U.S. Rep. Tim Murphy, R-Upper St. Clair, chairman of the Congressional Steel Caucus, said China already had unfair advantages because of steel dumping, currency manipulation, low wages paid its workers and a lack of environmental standards.

In February, a week before its preliminary ruling about South Korea, the Commerce Department said it would maintain anti-dumping duties on oil and natural gas pipe products from China.

“Our nation's security is threatened if our economy is threatened,” Longhi said outside a center where much of his company's research is conducted.

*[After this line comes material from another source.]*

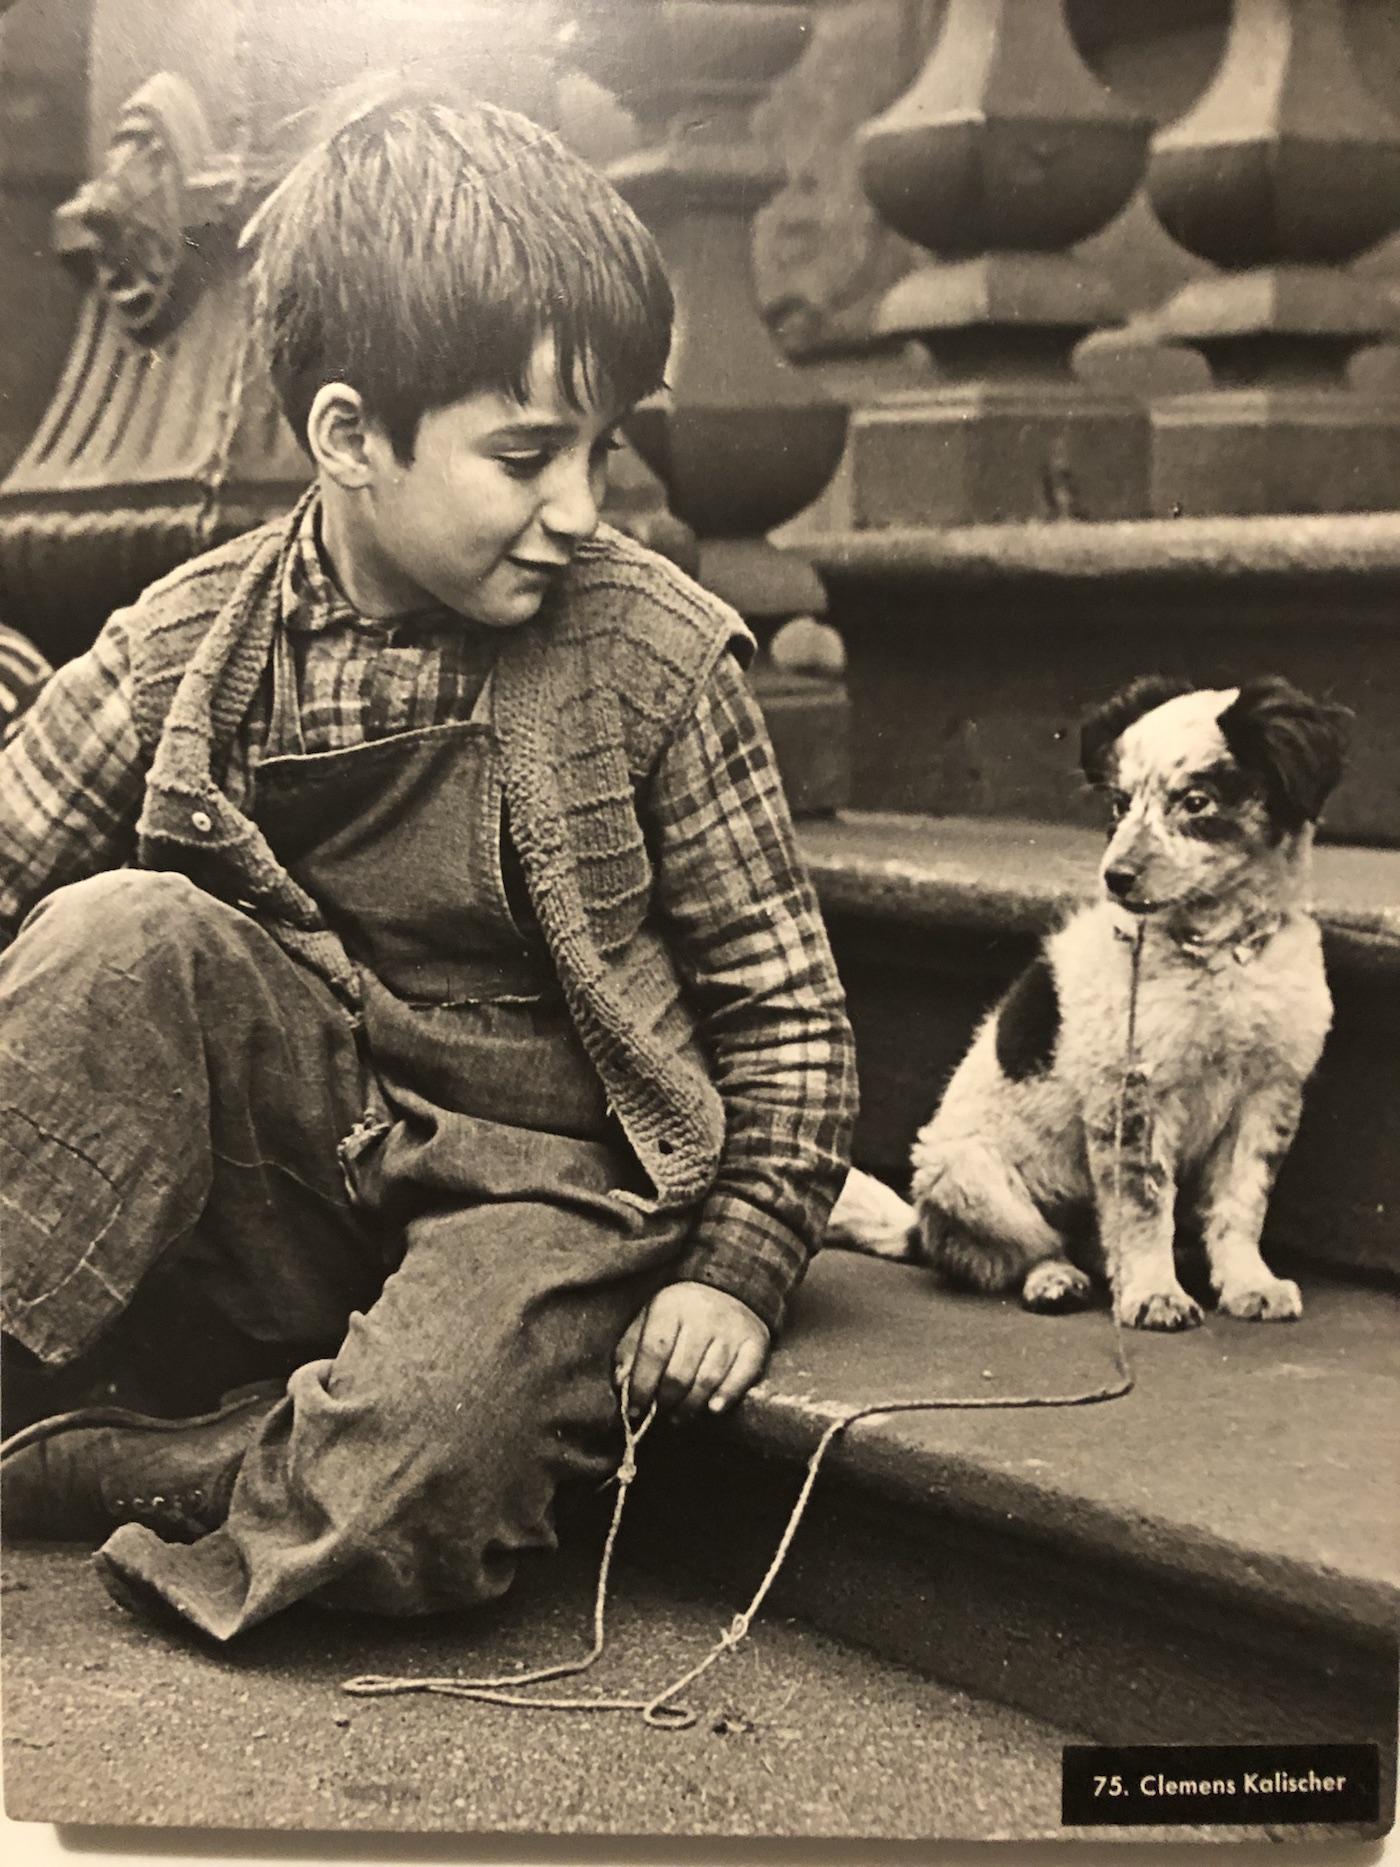 """Un'immagine del fotoreporter e fotografo d'arte americano Clemens Kalischer: fa parte dell'esposizione permanente """"Family of man"""""""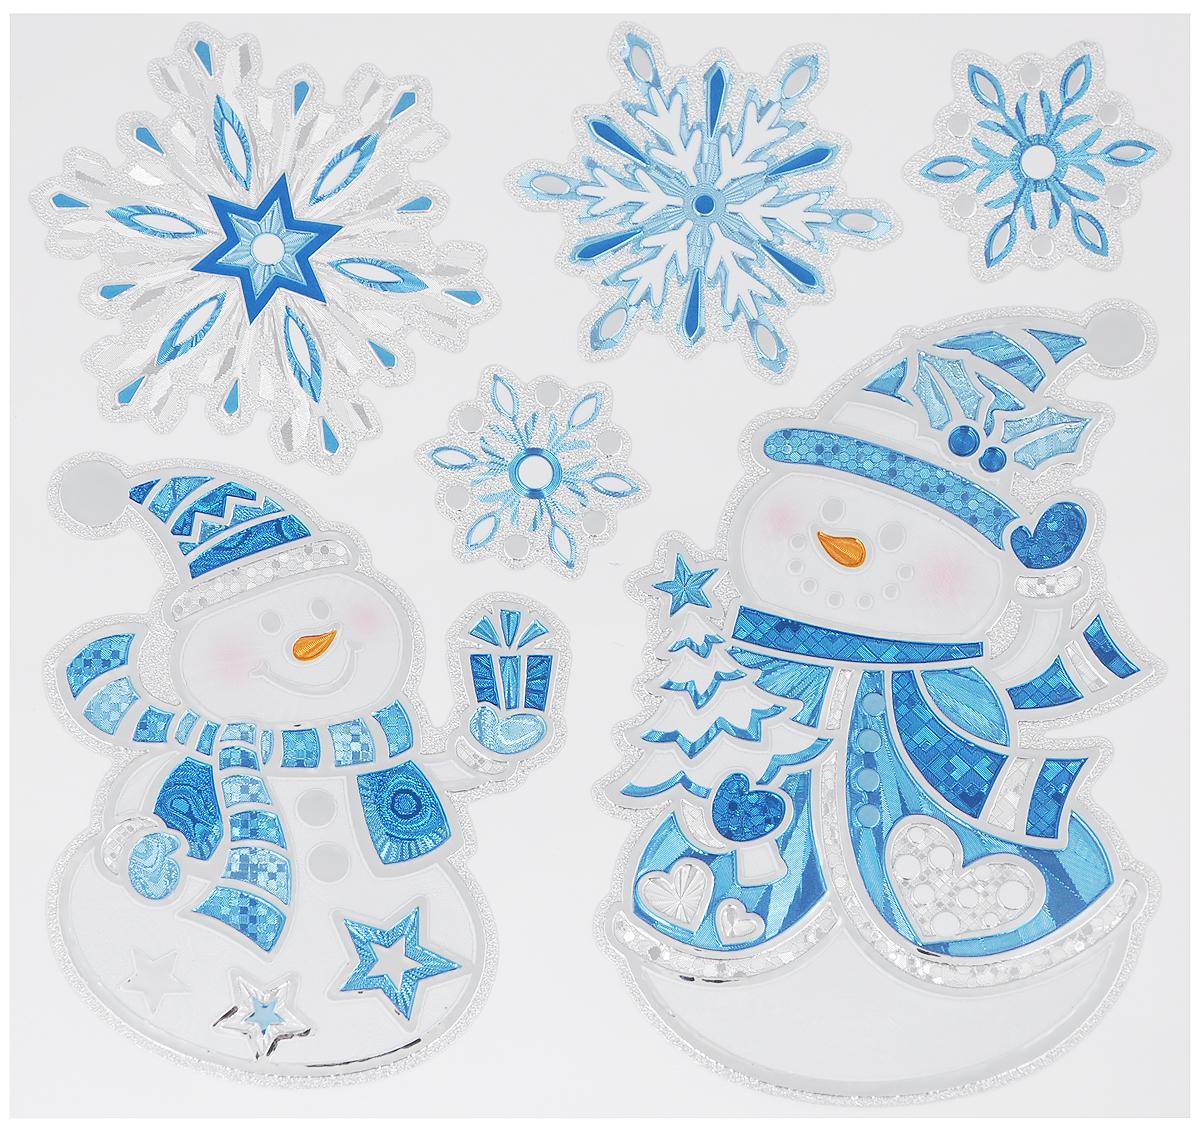 Украшение новогоднее оконное Winter Wings Снеговики, 6 штN09364Новогоднее оконное украшение Winter Wings Снеговики поможет украсить дом к предстоящим праздникам. Наклейки изготовлены из ПВХ и выполнены в виде снеговиков и снежинок.С помощью этих украшений вы сможете оживить интерьер по своему вкусу, наклеить их на окно, на зеркало или на дверь.Новогодние украшения всегда несут в себе волшебство и красоту праздника. Создайте в своем доме атмосферу тепла, веселья и радости, украшая его всей семьей. Размер листа: 17,5 х 18 см. Количество наклеек на листе: 6 шт.

A few miles down the road is U.S. Steel's McKeesport Tubular Operations, a remnant of the old National Tube Works located in what long was the home of spinoff Camp-Hill Corp.

On May 1, 2011, U.S. Steel's Tubular Products division assumed operation of the facility.

“McKeesport Tubular has begun to turn the corner,” said Mark Fronczek, president of United Steelworkers Local 5852 representing rank-and-file there. “McKeesport Tubular is once again producing world class pipe.”

Fronczek said that came after a contract dispute, employee layoffs and a change in upper management, as well as “multiple upgrades” to the old Camp-Hill facility.

Murphy recalled how U.S. troops shed blood more than 60 years ago to halt a Communist invasion of South Korea.

“Remember what we did for you and stop trying to take our jobs from us,” the Congressional Steel Caucus chairman said.

Murphy said the caucus is circulating a letter urging the Commerce Department to reverse its February decision and expected dozens of House lawmakers to sign it.

The rally was a show of bipartisan cooperation, with Democratic and Republican officials in the audience, including all five Mon-Yough area state senators and many regional state House members.

“They agree on one thing,” Allegheny County Executive Rich Fitzgerald said. “We need fair trade deals that will benefit this country.”

The Alliance is an association of U.S. Steel and other steel producers, as well as the United Steelworkers. Two speakers illustrated how things have changed in labor-management relations.

“Look across the street,” Munhall Mayor Raymond Bodnar said, pointing at the Pump House. “This is where we took on the Pinkertons (during the 1892 Homestead steel strike). Let's go, steelworkers, and kick (butt).”

“We have our differences,” Pennsylvania AFL-CIO president Rick Bloomingdale said. “But when we stand together, no one can beat us.”